Was außer Eitelkeit und Kernkraft-Fürsprache finden wir noch in Schätzings neuem Buch?

Nicht viel – nur olle Kamellen (rheinisch für Bonbons) wie „der Mensch verbraucht die Ressourcen des Planeten, bis nichts mehr da ist“ und Behauptungen, daß der Klimaschutz nicht nur Verzicht bedeutet:

„Unterm Strich wird das Leben sogar schöner“

Für Multimillionäre wie Schätzing und den Reemtsma-Clan vielleicht, weil Krethi und Plethi dann nicht mehr in den Urlaub fliegen und Auto fahren können und fließend warmes Wasser im Haus haben. Da steigt die soziale Distinktion der Privilegierten deutlich an.
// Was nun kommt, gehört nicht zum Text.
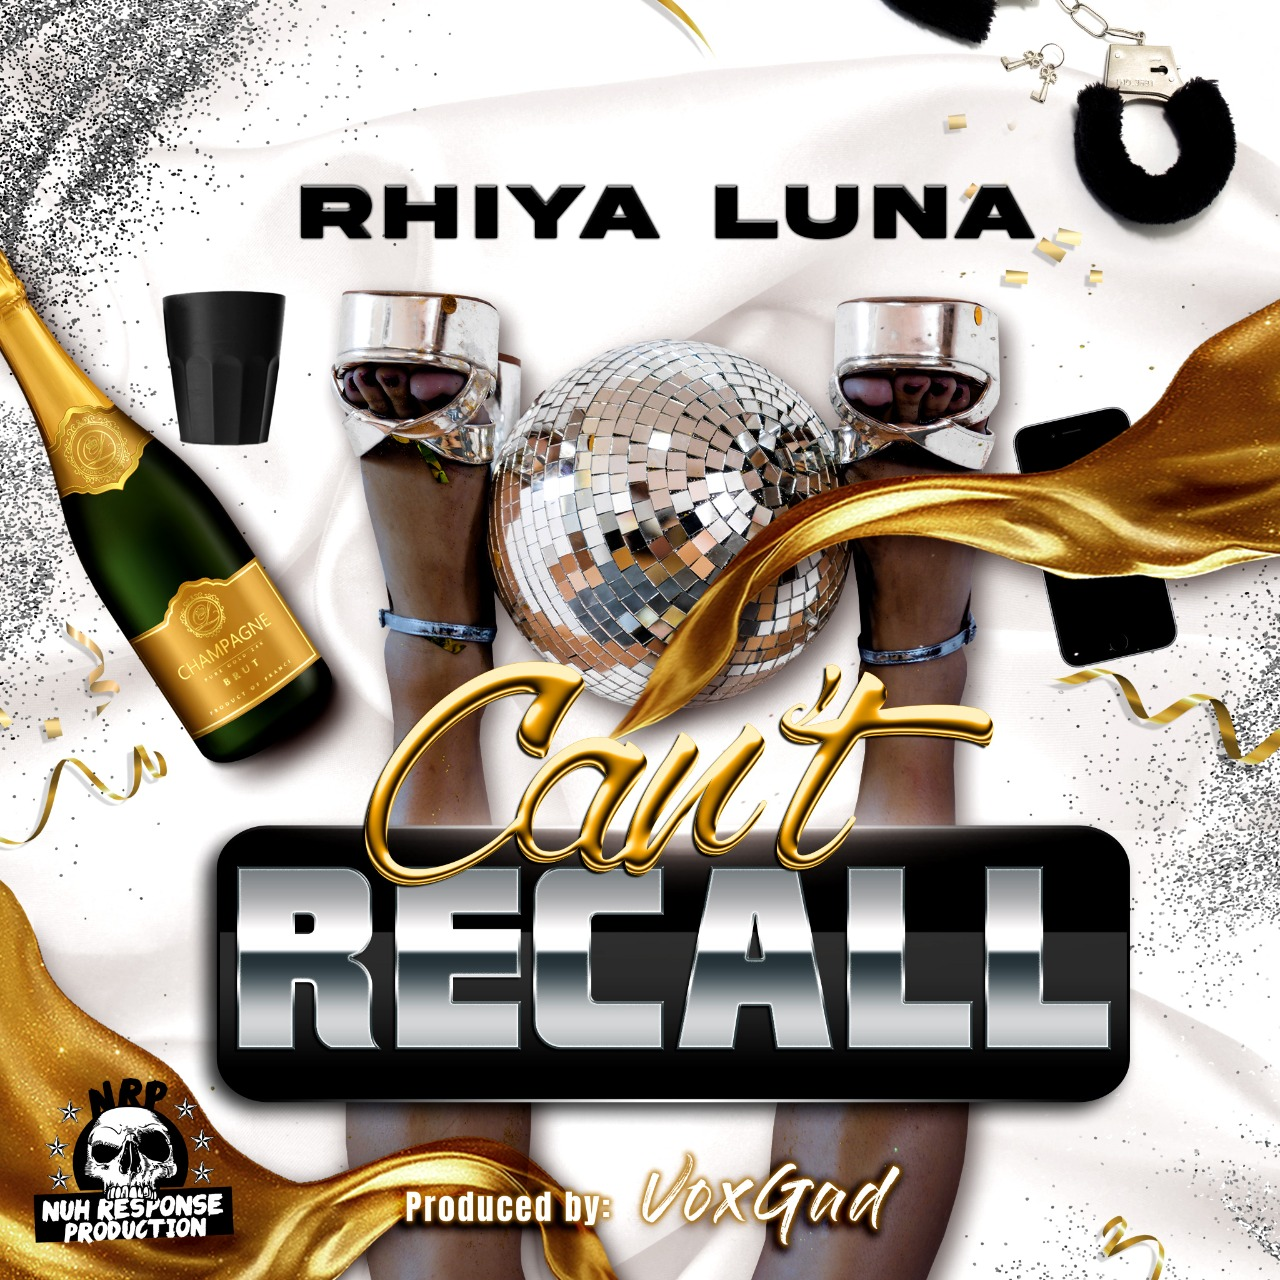 Jamaica Boston Dancehall Music 13thStreetPromo 13thStreetPromotions Rhiya Luna Can't Recall Drunk Party Caribbean Singer Vox Gad Nuh Response Production
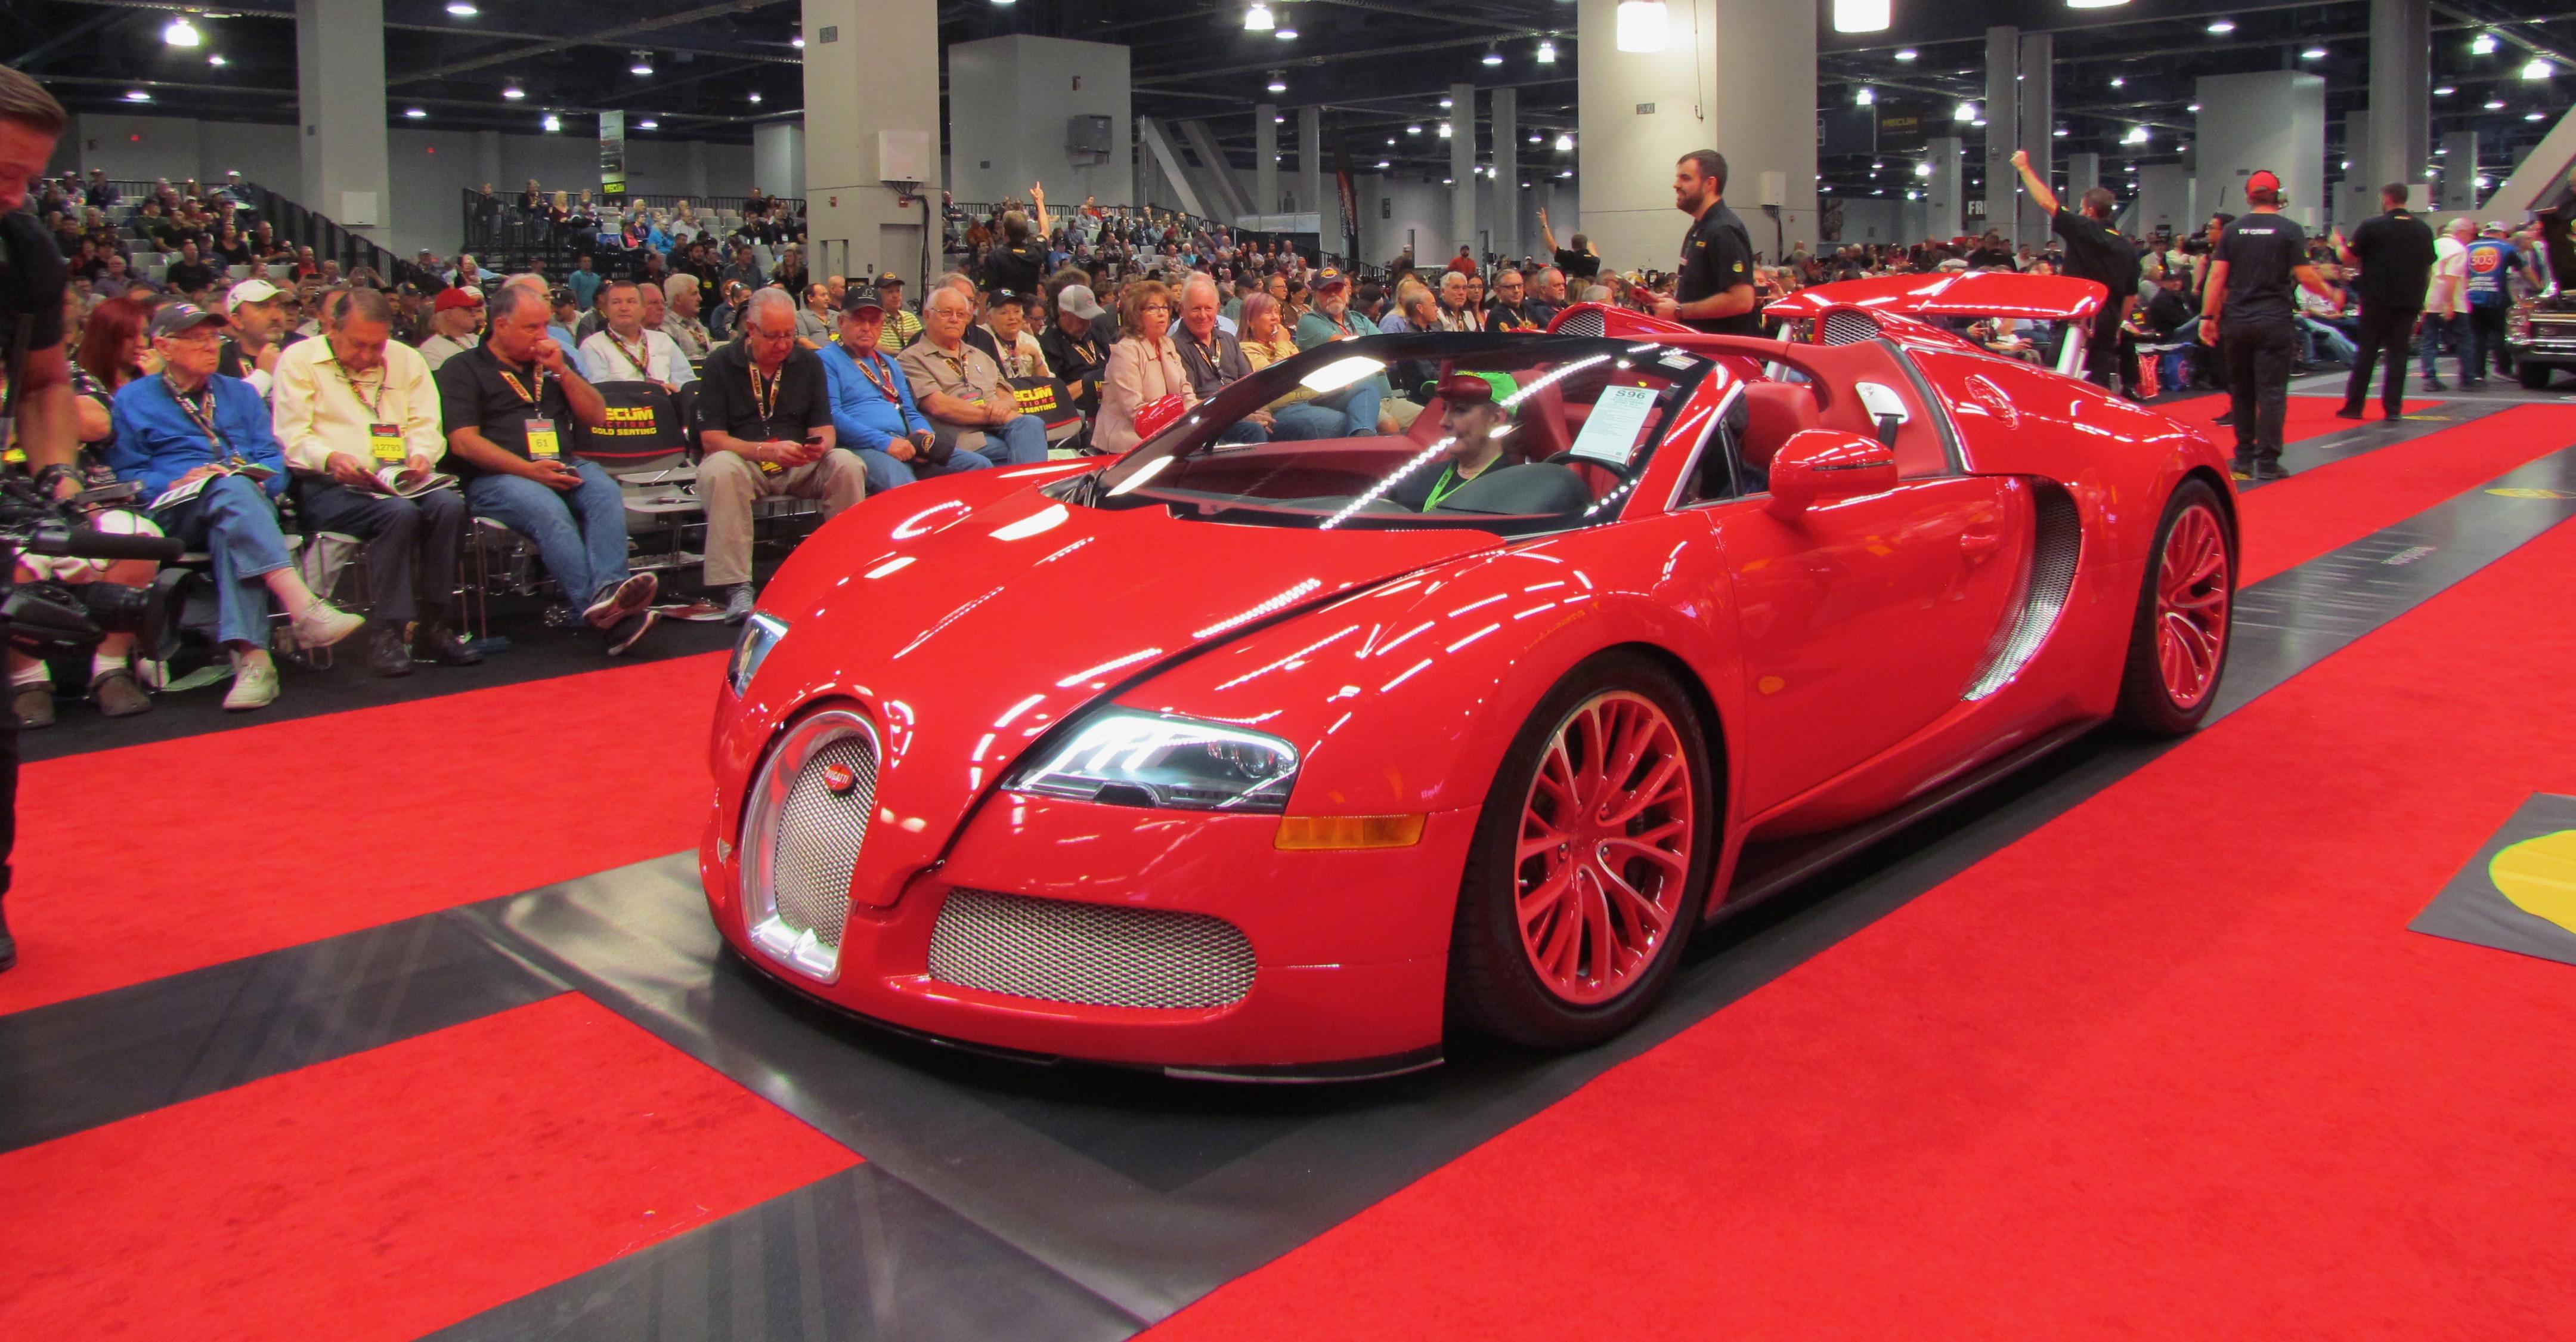 Las Vegas, Mecum hits $25.2 million jackpot in Las Vegas, ClassicCars.com Journal

Ansonsten wiederholt er die Thesen von PIK-Leuten und anderen, nachdem das Corona-Sars2-Virus mit dem Klimawandel zu tun habe und es sogenannte Kipp-Punkte gäbe, nach denen es nicht mehr möglich sei, etwas zu retten (die berühmten „x Jahre, die wir noch Zeit haben“).

Fazit: Der ansonsten begnadete Erzähler und Rechercheur Frank Schätzing hat mit diesem Buch lediglich die bekannten alarmistischen Erzählungen von umstrittenen Wissenschaftlern und Investoren wie Schellnhuber und Gates aufbereitet. Er hält sich dabei weitgehend an die Vorgaben der Interessensvertreter, was erlaubt ist zu sagen und was nicht. Im Interview treibt er seinen politischen Aktivismus auf die Spitze, als er meint:

Vielen ist zuletzt klar geworden, dass etwas grundlegend schiefläuft: Klima, Pandemie, Massentierhaltung, Armut, häusliche Gewalt, Sexismus, Rassismus, alles hängt zusammen. Die Bereitschaft, sich zu ändern, wächst. Vielfach noch unterschwellig, aber es geschieht. Ich glaube, 2021 wird ein Klimajahr.

„Kapitalismus“ hat er noch vergessen. Denn der ist für viele der Intellektuellen sogar der Ausgangspunkt der anderen „Katastrophen“, die er benennt.